En continuant avec l'Évangile de Marc, nous aurions lu la multiplication des pains au profit de la multitude, que Jésus a vu "comme des moutons sans berger et qui n'avaient rien à manger. Le choix de la liturgie est, au contraire, d'élargir la réflexion théologique sur cet épisode ; ainsi, pendant cinq dimanches, nous lisons le sixième chapitre de Jean, où, après la multiplication des pains, s'ouvre le discours sur le pain de vie, la révélation par Jésus du mystère de sa présence dans le pain qui nous donnera, et avec lui, la vie éternelle. Le fait que la multiplication des pains et des poissons soit le seul miracle raconté par les quatre évangiles, et que Matthieu et Marc le relatent deux fois, révèle une signification profonde : c'est un signe décisif pour comprendre Jésus dans sa compassion pour la souffrance humaine, et aussi dans son projet d'entrer en communion avec toute l'humanité, à travers les siècles, par l'Eucharistie.
Dans le récit de Jean, nous remarquons que la foule suit Jésus parce qu'il guérit les malades. Il monte sur la montagne et s'y assoit. La montagne était le lieu où Dieu a donné à Moïse la loi, écrite sur des tables de pierre. Lorsque Jésus monte sur une montagne, il se prépare à nous donner quelque chose de la nouvelle loi qu'il écrit sur les cœurs. La Pâque est proche : ce que Jésus s'apprête à faire est intimement lié à la Pâque de sa future rédemption. Jésus lève les yeux, comme lorsqu'il prie : regarder la pauvreté des hommes avec son cœur, c'est comme prier, et le Père l'entend. Il veut impliquer Philippe, et lui demande comment nourrir ces gens, même s'il sait déjà quelle sera la solution.
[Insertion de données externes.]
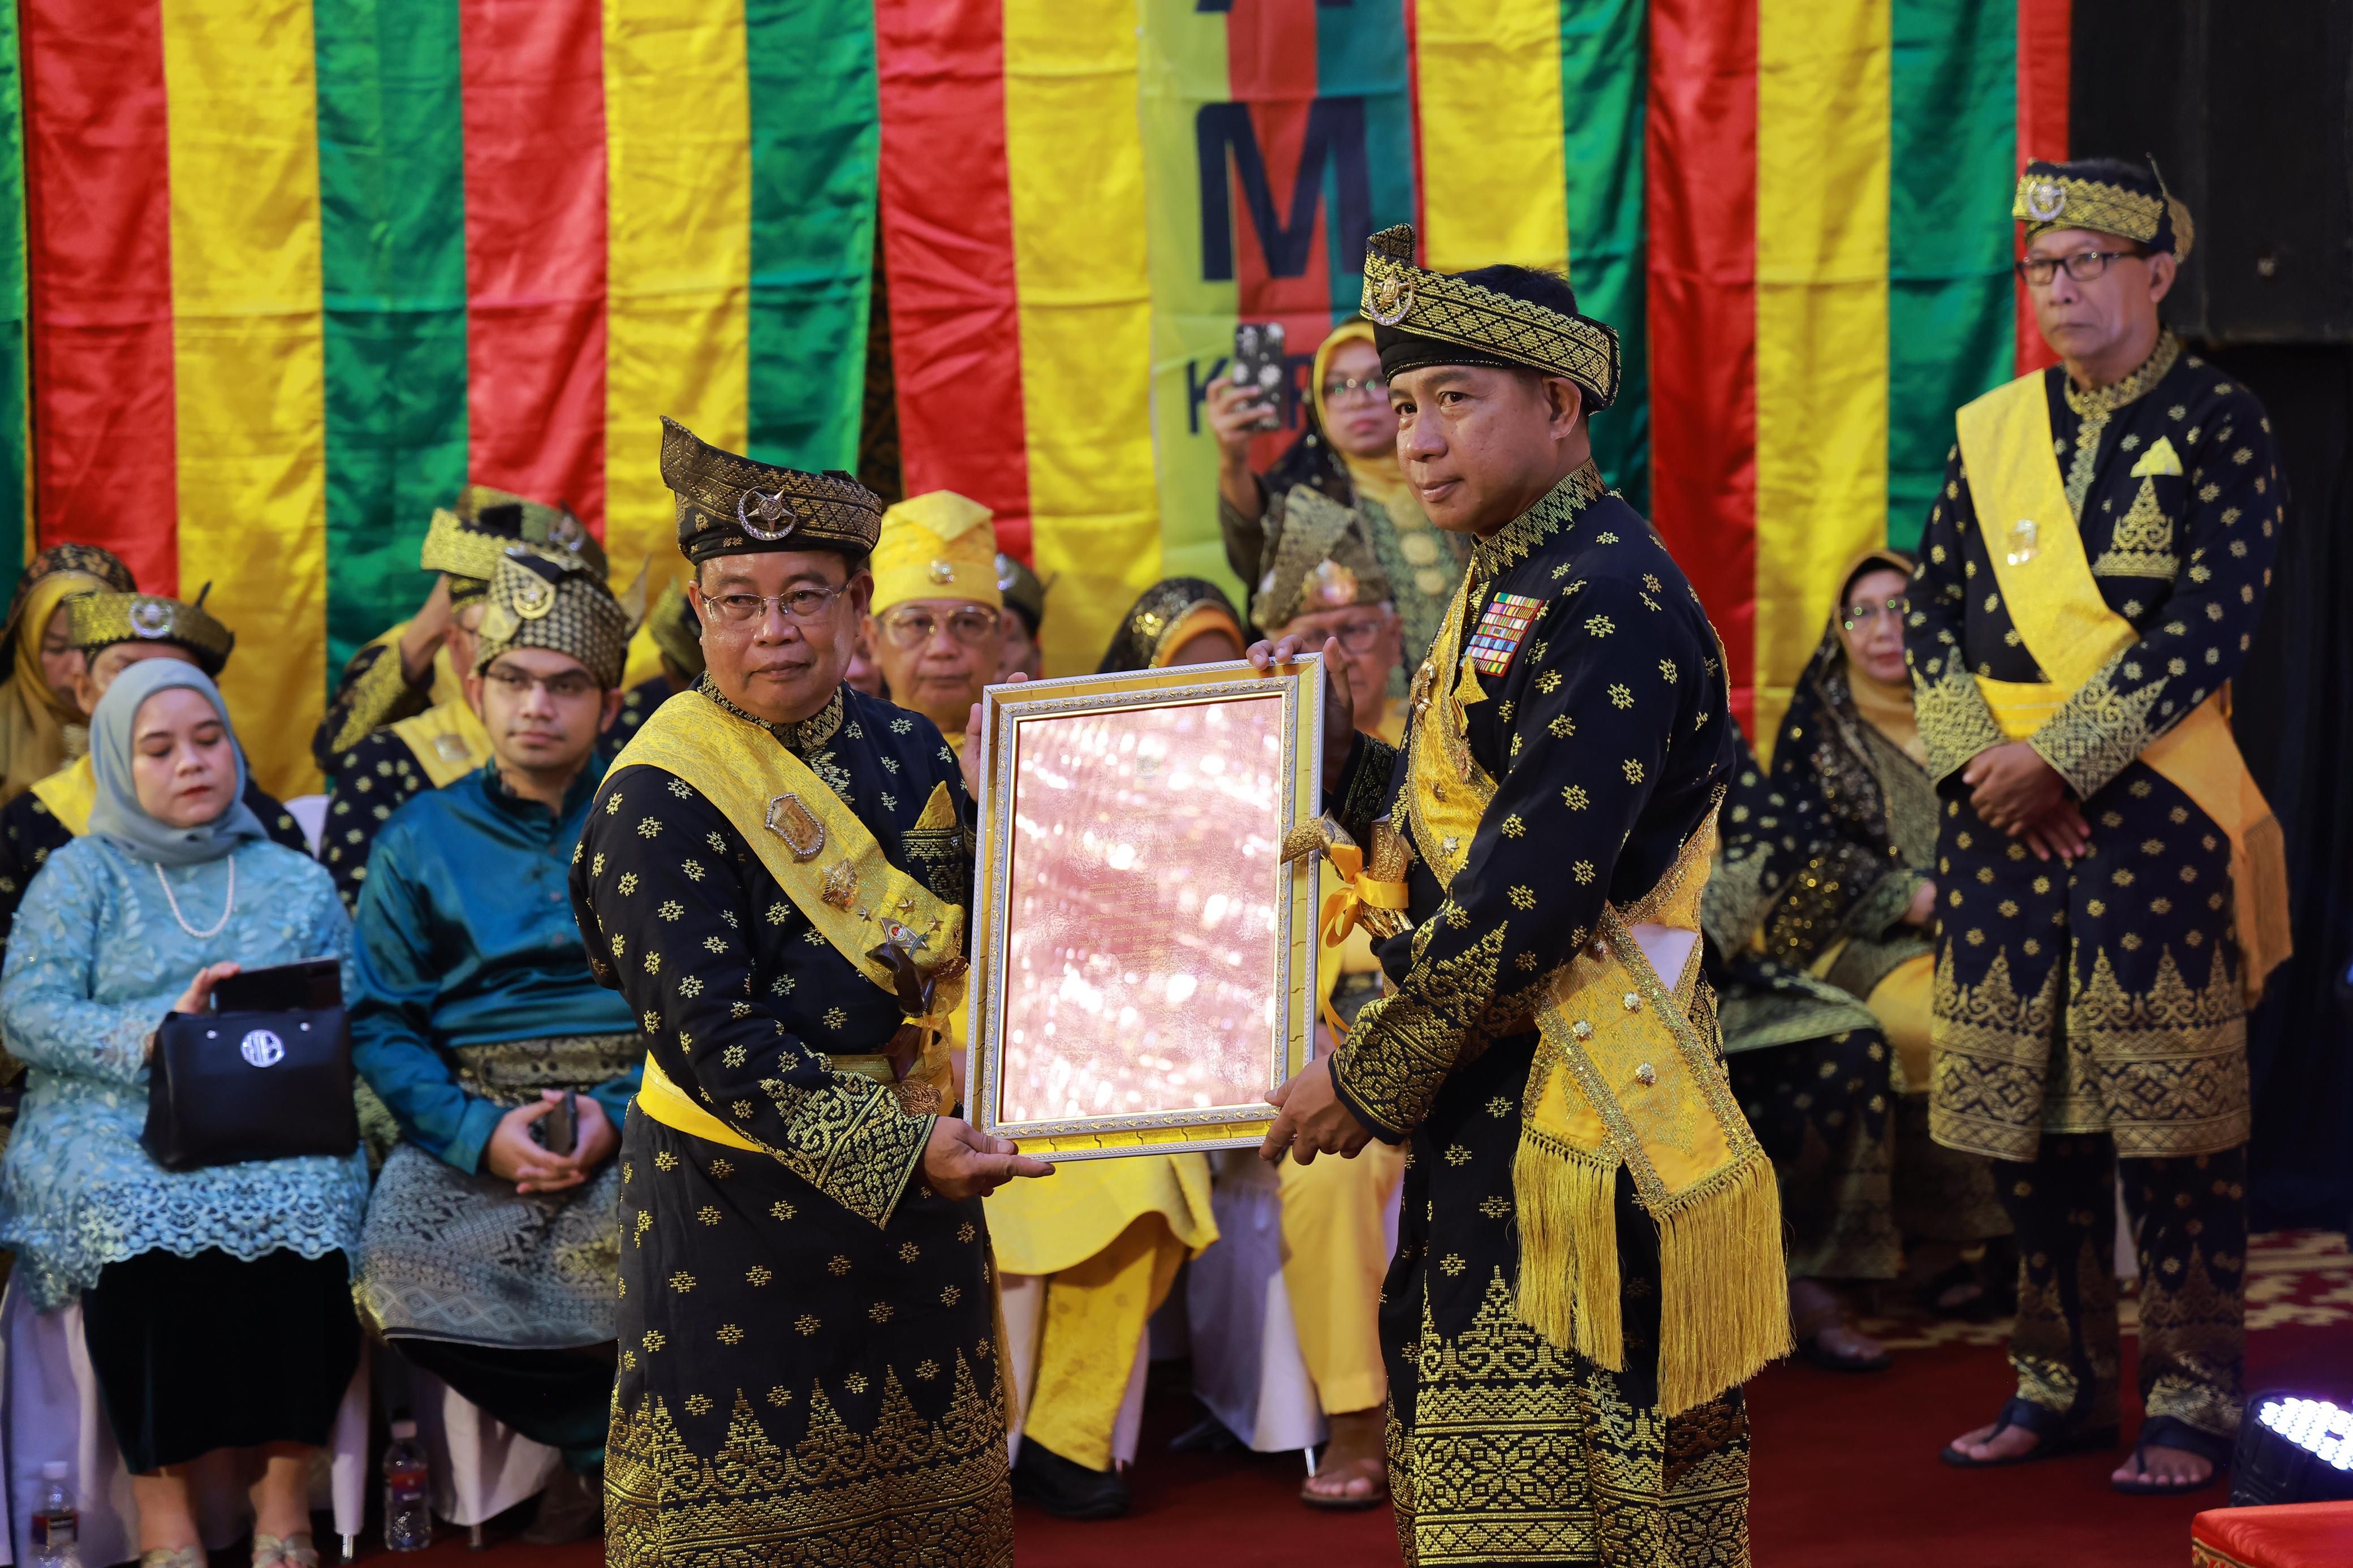 Panglima TNI Jenderal TNI Agus Subiyanto resmi menyandang gelar adat Dato' Seri Satria Bijaya Negara dari Lembaga Adat Melayu (LAM) dalam Majelis Adat Penganugerahan Gelar Adat yang digelar di Gedung Daerah, Tanjungpinang

Jésus est aussi un enseignant de la capacité à collaborer. Philippe et André voient les choses du point de vue de la force humaine : deux cents deniers, soit cinq pains d'orge et deux poissons, ne suffisent à personne.
La ressource vient d'un enfant qui abandonne spontanément sa nourriture : il donne tout ce qui lui appartient. L'Église a besoin de l'enthousiasme et de la folie de la jeunesse. Nous avons besoin de la nouveauté du pain d'orge, qui au printemps est la première des céréales à porter des fruits. Le lieu que Jésus a choisi est beau dans le paysage, il est confortable sur l'herbe où tous ces gens peuvent s'asseoir. Selon Jean, c'est Jésus lui-même qui distribue le pain après avoir rendu grâce, la prière qui donne son nom à l'Eucharistie. Les disciples l'aident peut-être : il y a cinq mille hommes, sans compter les femmes et les enfants. Mais il est bon de voir que c'est Jésus lui-même qui nous donne le pain. Les douze ramassent les restes : un panier chacun. Ainsi, ils sentent combien cela pèse : ainsi, il est gravé à jamais dans leur mémoire que la générosité de Dieu est surabondante, que l'Eucharistie est inépuisable.